*** Given material Section Begins ***
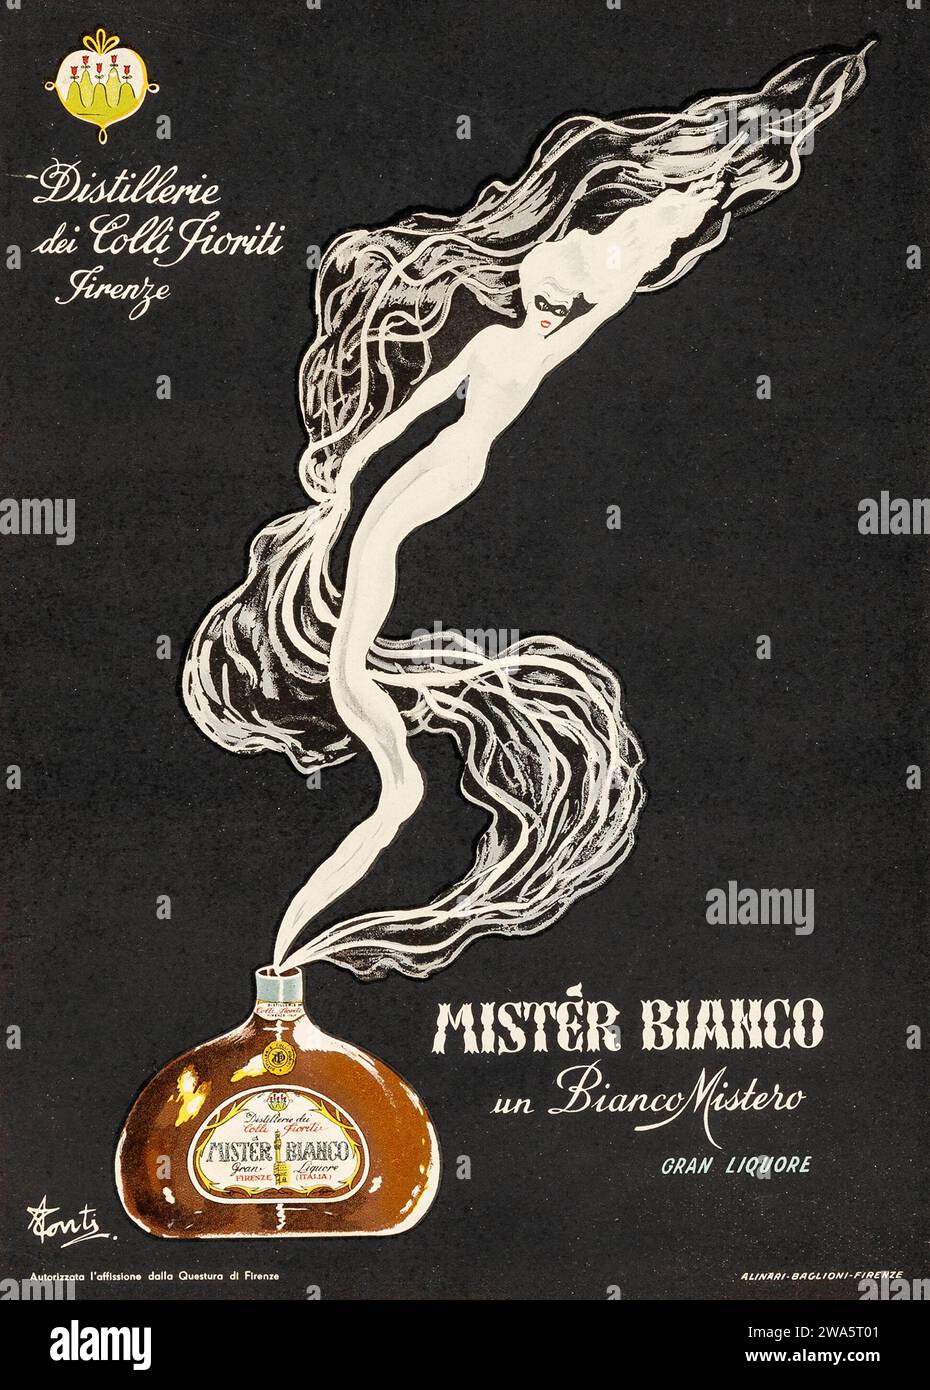 Mister Bianco un Bianco Mistero Gran Liquore (1930s) Advertising Poster Stock Photo
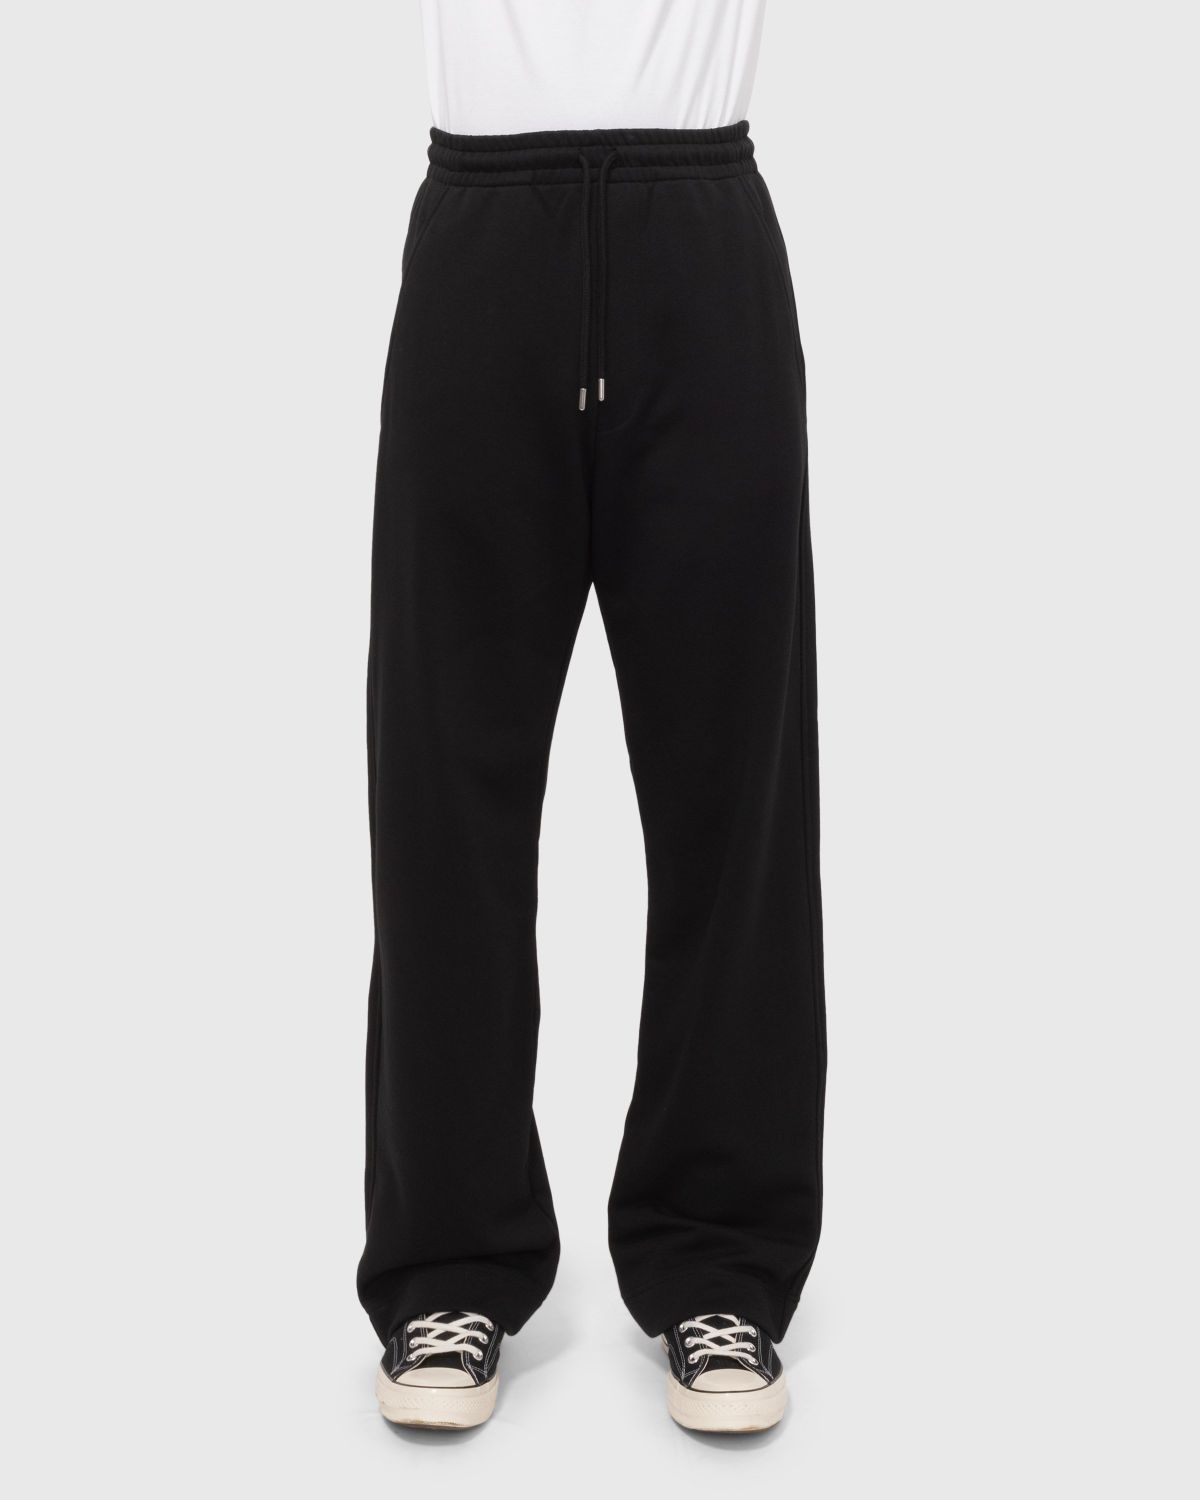 Dries van Noten – Hamer Sweatpants Black - Pants - Black - Image 2
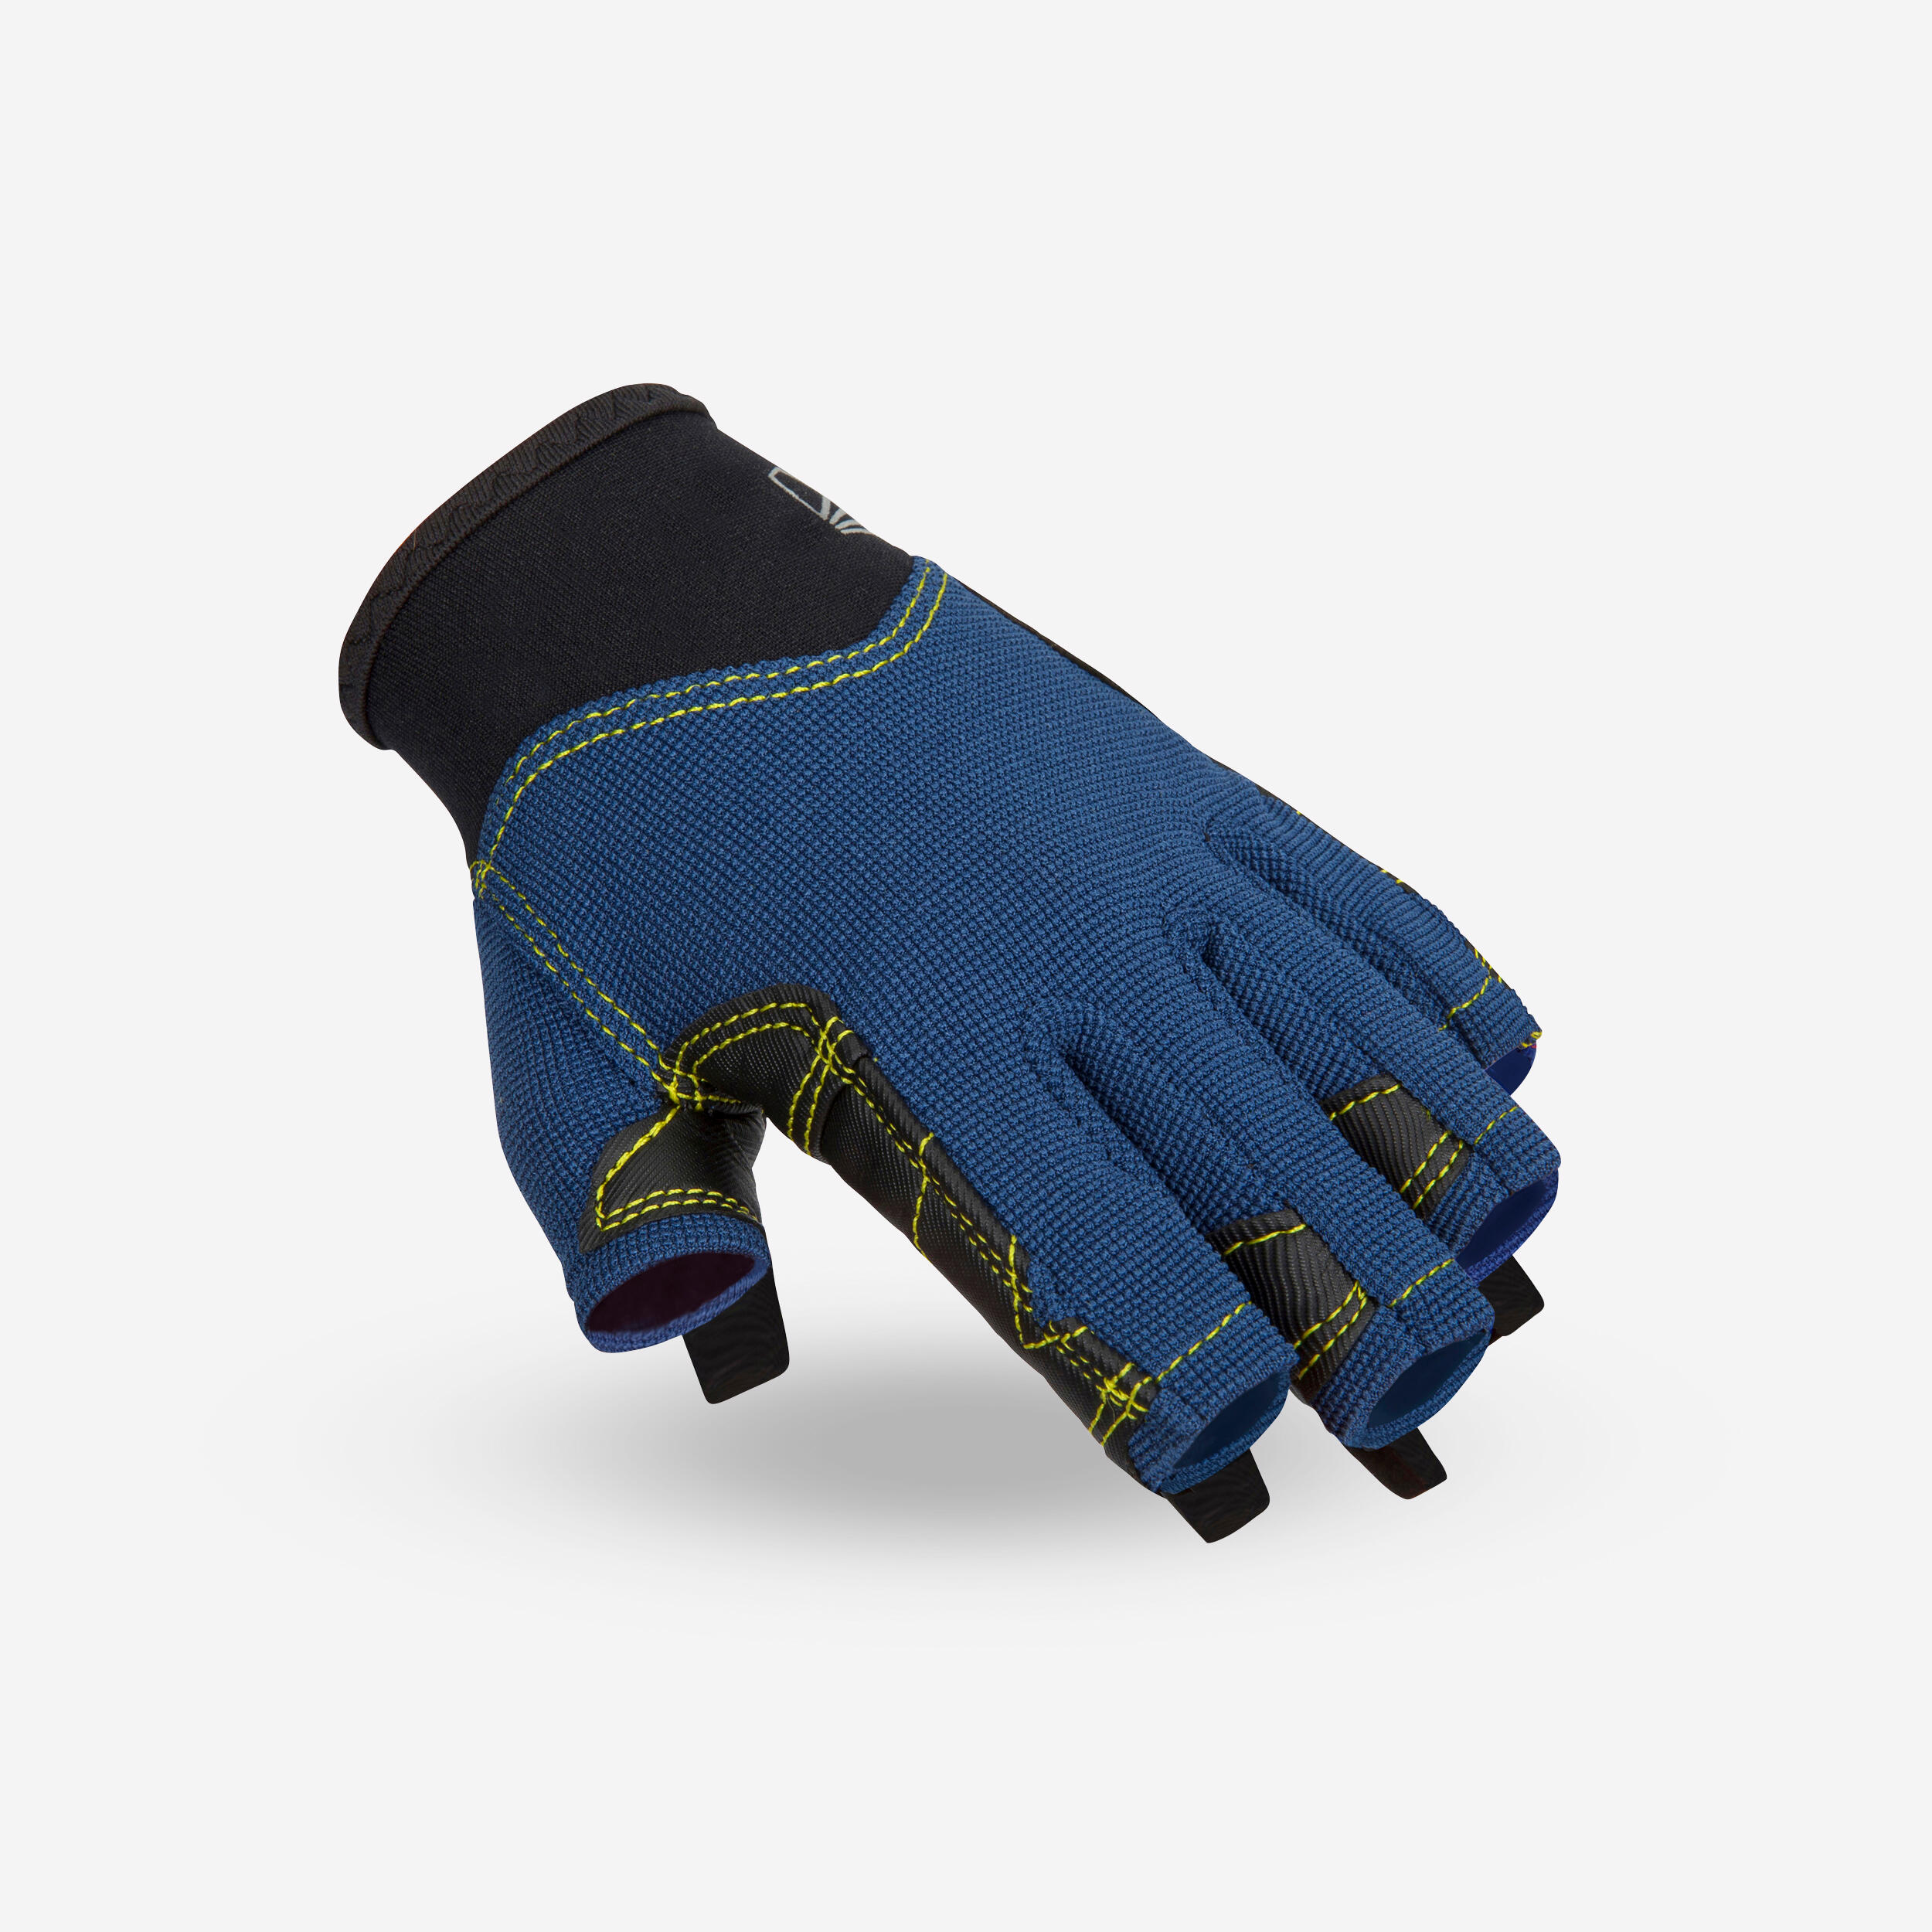 Men's Sailing Gloves
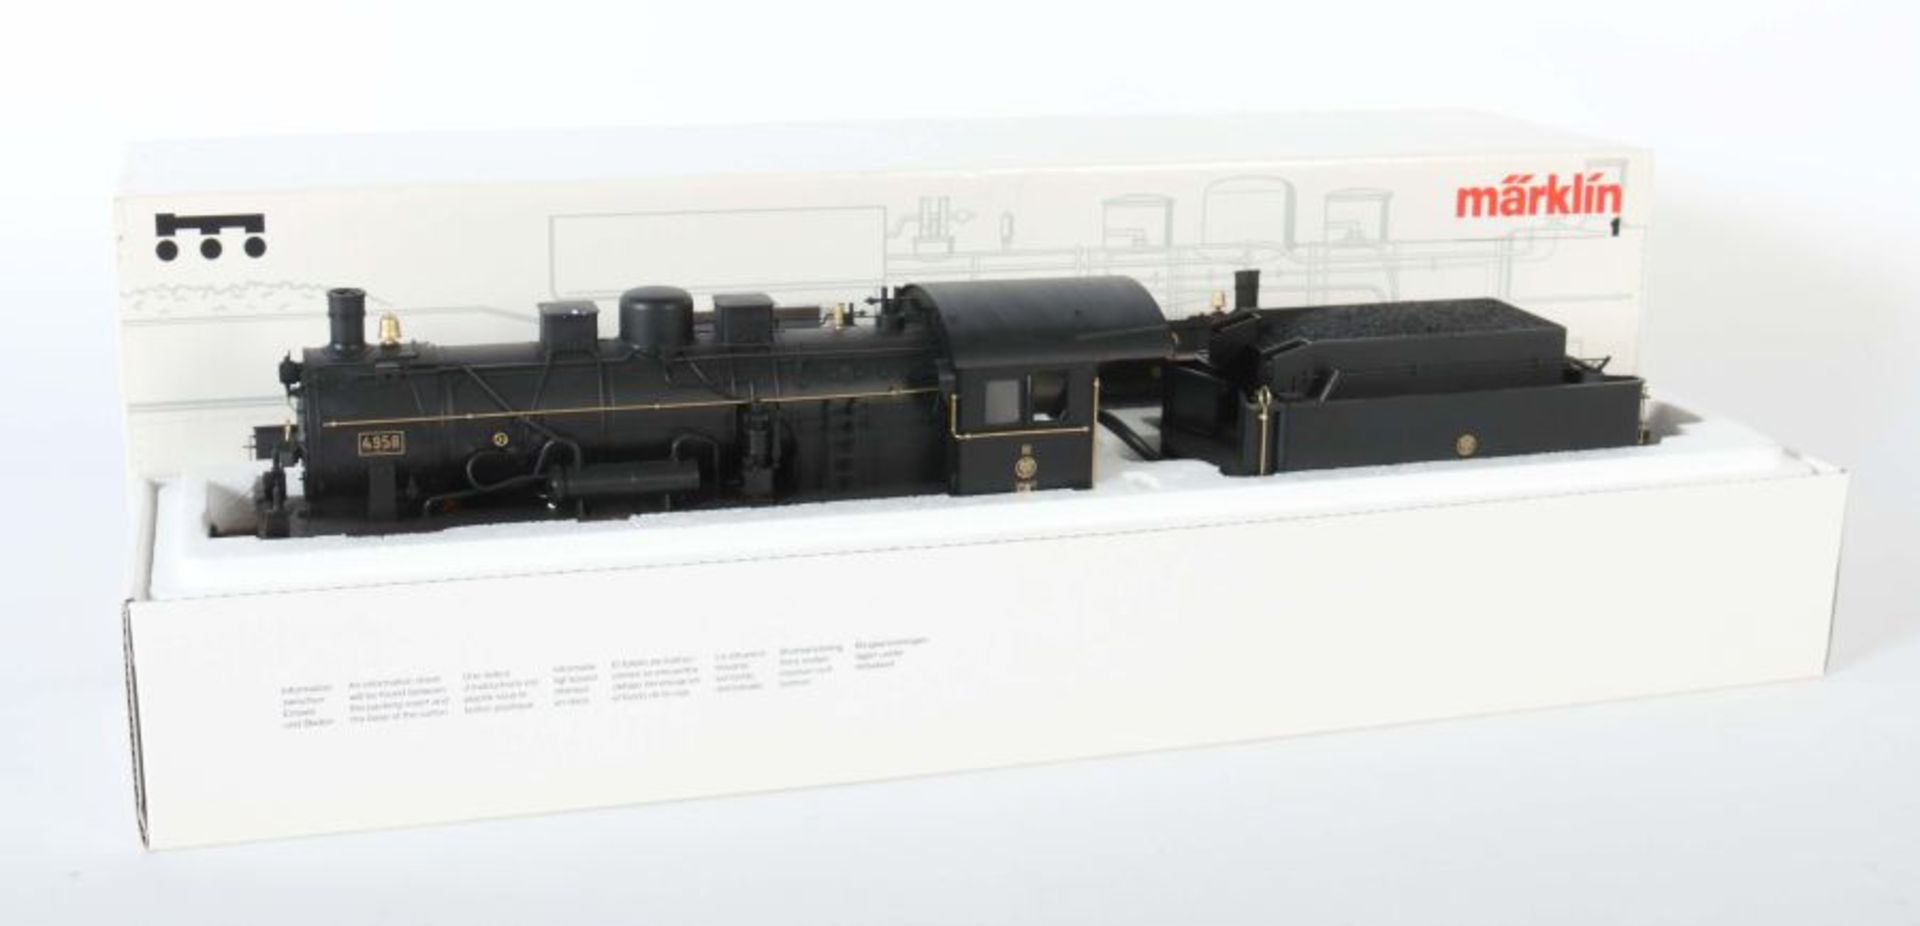 Schlepptender-Lokomotive Märklin, Modellnr. 5508, Spur 1, Replika, 4-achsige Lokomotive mit 3- - Bild 2 aus 2
*** Given material Section Ends ***
__Activity__:
Transcribe the listing above exactly, leaving every picture out.

__Solution below__:
 Mister Bianco un Bianco Mistero Gran Liquore (1930s) Advertising Poster Stock Photo
 Dries van Noten – Hamer Sweatpants Black - Pants - Black - Image 2
 Men's Sailing Gloves
 Schlepptender-Lokomotive Märklin, Modellnr. 5508, Spur 1, Replika, 4-achsige Lokomotive mit 3- - Bild 2 aus 2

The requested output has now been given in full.